Dan Tufiº, Ana-Maria Barbu * A Reversible and Reusable Morpho-Lexical Description of Romanian




2. The environment for language resource development

Based on the UD implementation [4], the group at ISSCO developed ELU in AllegroCommon Lisp under SUNOS4. The initial UD environment included the basic unification machinery, the continuation-based lexicon, the parser and the generator and it was extended with a transfer module and a new lexical component based on inheritance hierarchies [5]. As a unification-based system, ELU can be characterised as weakly typed, with negation (~val) and disjunction (val1/val2/.../valn) over the atomic constants and allowing for recursive and parametric relational abstractions [6], [7]. During 1993-1994, a bilateral cooperation between ISSCO and RACAI [8] succeeded in the ELU environment porting on Macintosh computers under MCL. This port preserving full compatibility with the SUN version, required rewriting large parts of the code for efficiency and portability purposes. The new code has been developed so that the same files should compile both under MCL on MAC OS and under AllegroCL on SUNOS.

As RACAI has largely used this environment for the development of the Romanian morphology and of a large lexicon (see Chapter 3) meant for the public domain, we have decided to make another port, this time using a public domain LISP. Our choice was CMU-LISP, running under SOLARIS, probably the best freeware implementation of Common-Lisp. The decision was supported not only by the efficiency of this CL implementation, but also by the API facilities offered by CMU-CL allowing almost null-cost future ports on other platforms (HP, SGI, Linux, etc.). Full access to X graphical functions which CMU-CL gives has been another very attractive feature of this environment (we plan to add a graphical interface and a feature-structure browser). This new port, which we named EGLU (Environnment Generique Linguistique d'Unification) maintains full compatibility with the initial ELU, but due to the conditional compilation special forms, its code, as it is, compiles and runs under MCL (MacOS), AllegroCL (SunOS) and CMU-CL (SOLARIS). It takes better advantage of the operating system (for instance a command not recognized by the interpreter is sent to an operating system shell and, if the return code is an error-code, then a complaint is addressed to the user). Building applications and patching have been optimised (with appropriate conditional compilation forms) for the CMU-CL. For instance, initially, a dumped application needed 21 Mb of hard disk. After filtering out the unnecessary code for the execution of EGLU applications, the hard disk requirement decreased to 6Mb. Beside the ISO-Latin1 character set existing in the initial ELU implementation, ISO-Latin2 (covering Romanian diacritics) was incorporated.
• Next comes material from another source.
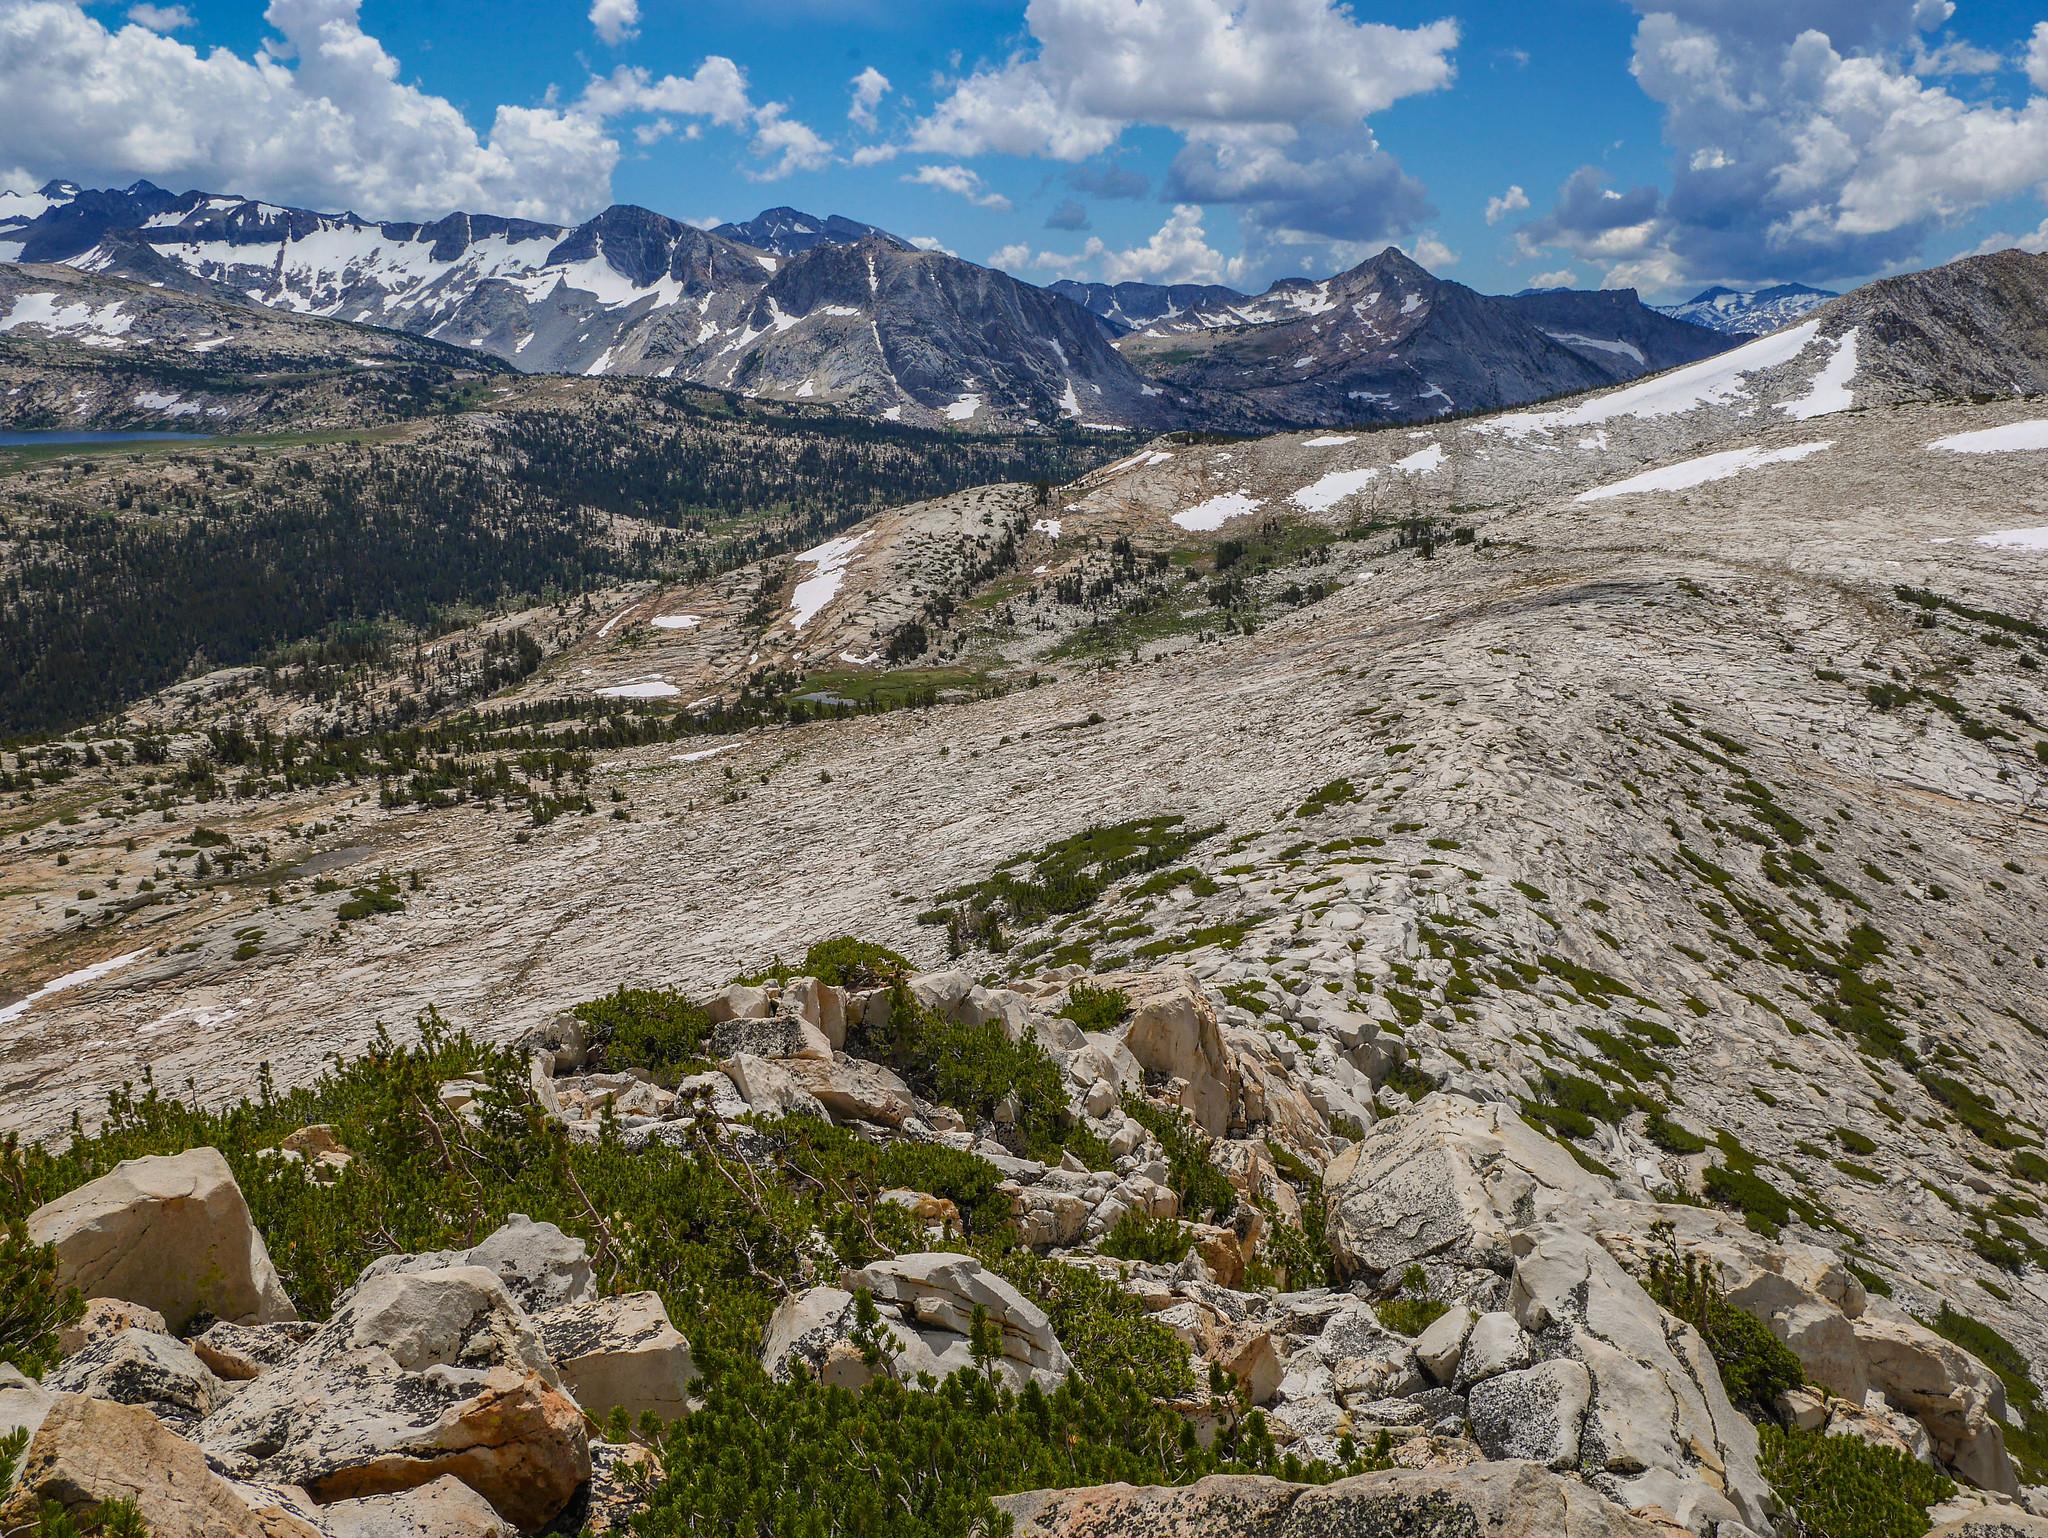 View from Johnson Peak

3. Encoding linguistic knowledge in EGLU

Several language resources have been developed within the framework of EGLU and embedded into applications ranging from toy reversible machine translation systems to wide coverage lexical processors. In the remaining of this paper we shall dwell on our encoding of Romanian morphology and of the associated lexicon. The description fully covers the inflectional morphology of the Romanian language and deals with the most productive lexical affixes. The lexicon contains almost 35,000 lemma entries, based on which, in accordance with morphological description, more than 1.5 million word-forms can be interpreted or generated1.
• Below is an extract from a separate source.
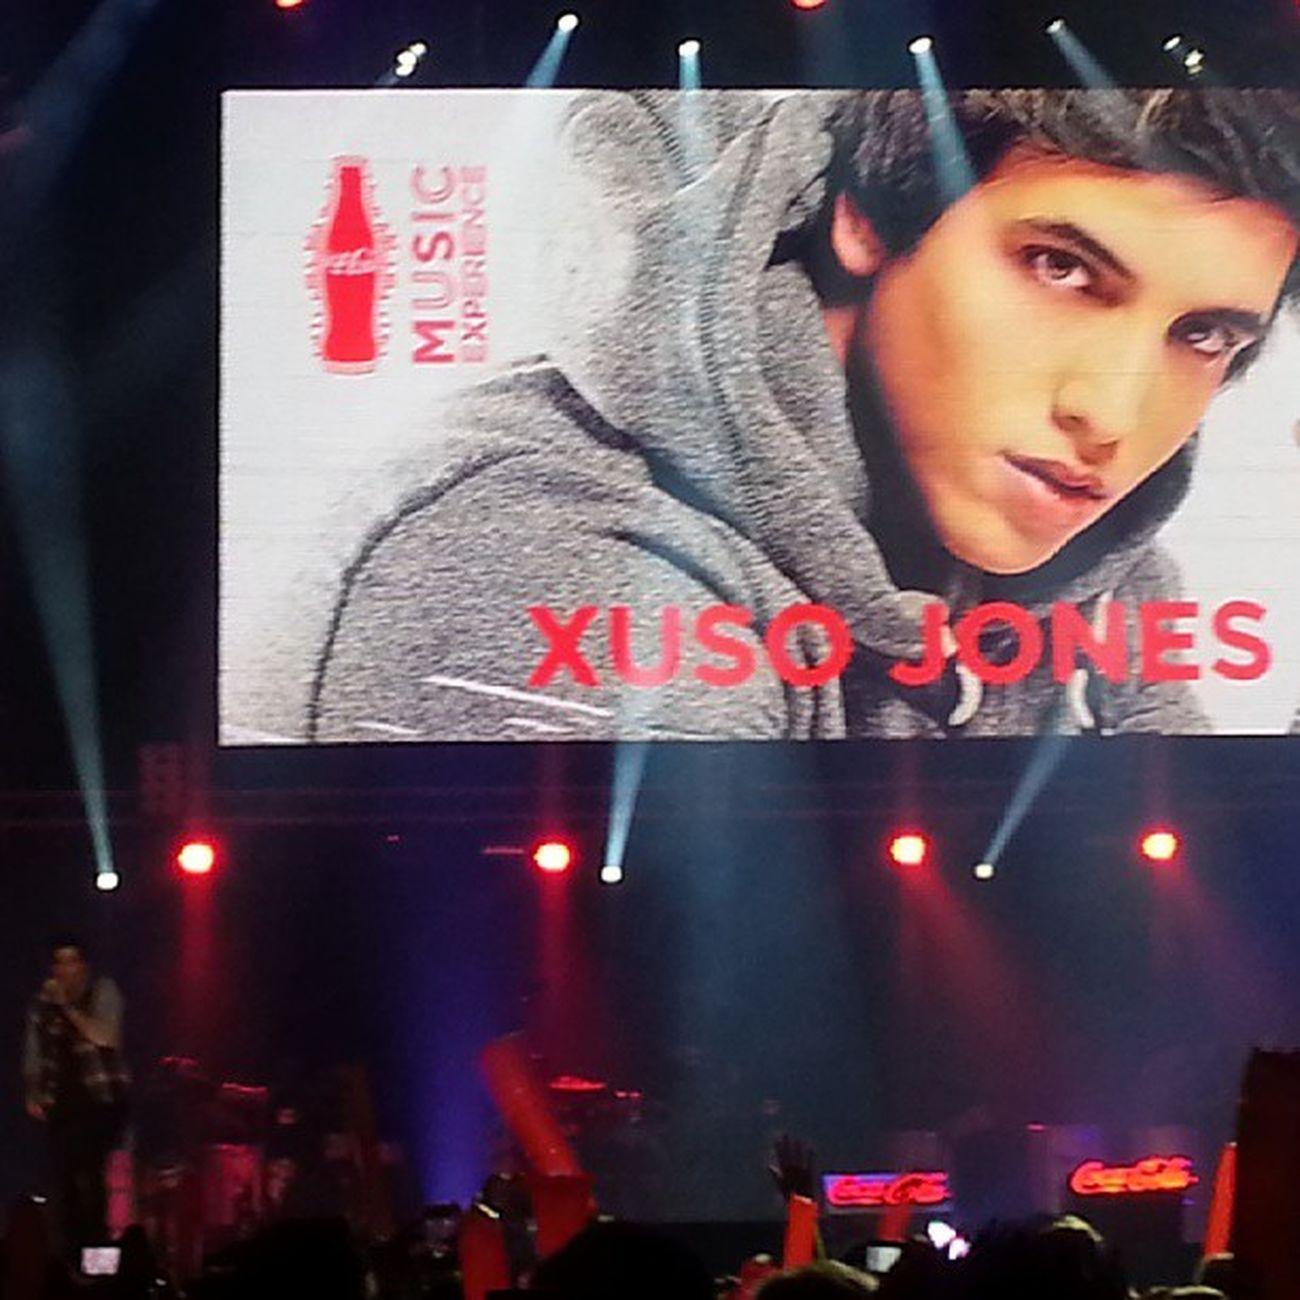 Akii @xusojones en CocaColaMusicExperience lo as echo genial! !

Although not discussed here, EGLU has been used for developing a comprehensive grammar of the noun phrase in Romanian. This implementation purposely avoided generalizations which would have committed it to a specific linguistic theory. Therefore, EGLU is rather a gloss over the most frequent NP structures, than an efficient description. However, being operational it can serve as a testbed for future HPSG-based encoding of a Romanian computational grammar.

3.1. Encoding Romanian morphology

One of the assumptions in the computational linguistics of the 1980s was that the procedural formalization is the most appropriate one for describing the phonological, morphological and orthographic levels. This opinion spread thanks to the influential work of Koskenniemi and his colleagues on the two-level phono-morphological model. On the other hand, the generalisation of unification-based formalisms, advocating descriptional uniformity and adequacy, declarativeness, reversibility and reusability, has naturally led to new modelling alternatives, based on feature-structure theories. The feature-structure paradigmatic morphology, defined at the end of the 1980s [9,10,11,12,13], tends to generalise because, beside its upper noted advantages, it blurs the distinction between the inflexional morphology and the derivational one, as far as necessary processing tools are concerned. It is worth mentioning another characteristic of the paradigmatic morphology, deriving from the underlying unification theory: the combination of partial information provided by different knowledge sources (this is relevant for the morpho-lexical acquisition process, as well as for the natural language parsing and generation process) is strictly monotonic.



1 In estimating this number, we counted homographs and homonyms as individual word-forms; for instance, the string "vin" counts as three word-forms: wine, (to) comeI and comethey.